The best-documented period of Thomas Davies’s life is the time he spent working in West Africa between apparently settling in Barbados in the 1650s and writing his will there in 1664. E. Alfred Jones found no record of Thomas Davies in Africa because he looked in the wrong place. It is the records not of the Royal African Company but of the East India Company that illuminate his career in West Africa.[1]

By the 1660s Europeans – first the Portuguese (who founded Elmina fort in 1482), followed by the Dutch then the English, French and other European nations – had become familiar with and named much of the West African coast.
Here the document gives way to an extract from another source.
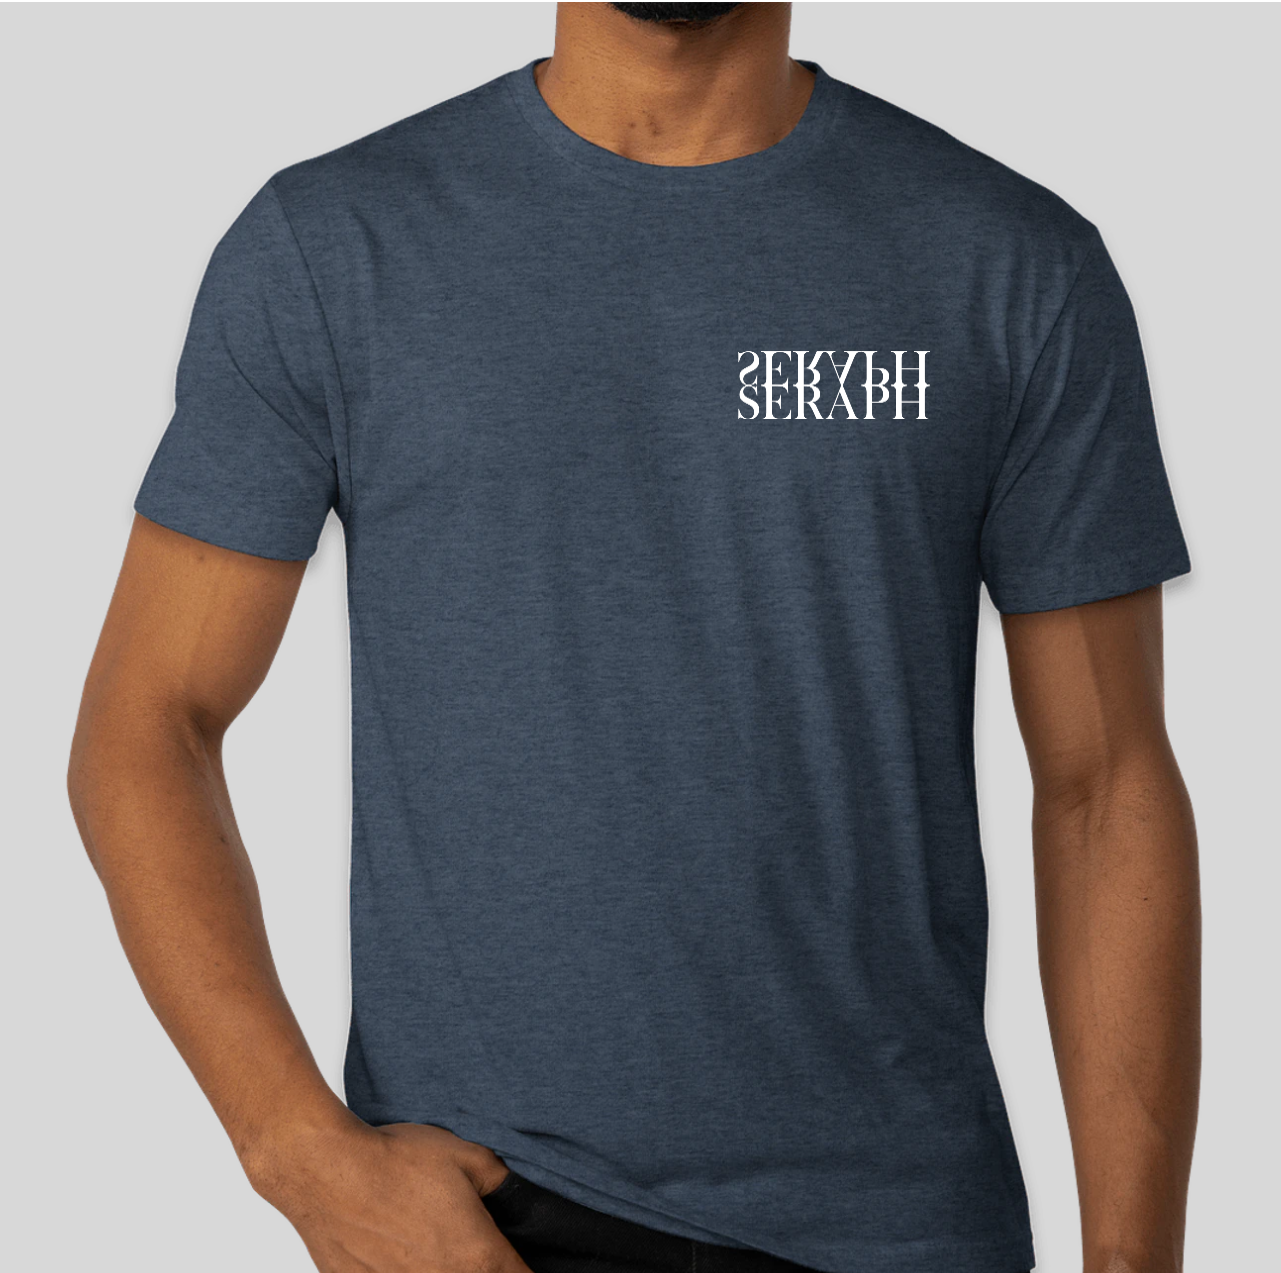 Seraph Tee (Colors Available)

The English became a significant force in the early seventeenth century, pioneering the trade for African redwood as well as hides, gum Arabic and wax, but paying little attention to gold. In 1618 the Guinea Company (the Company of Adventurers of London Trading to the Ports of Africa) was founded by London merchants and began looking for gold, reaching the Gold Coast by 1628 and establishing factories at Cormantine (also known as Fort Amsterdam) and elsewhere. In 1644 control of this trade passed to Parliamentarian sympathisers like Maurice Thompson (1604-1676), who was prominent in the East India Company, prompting regular harrying by Royalist raiders such as Prince Rupert (1619-1682) as well as Dutch rivals. In 1657 the Guinea Company leased its rights in West Africa to the East India Company for £1,300, putting the latter in control of the English trading posts. These were not colonies, as the land was not suited to plantations and the economic imperative was to satisfy the strong demand for African products, gold and slaves in particular.[2]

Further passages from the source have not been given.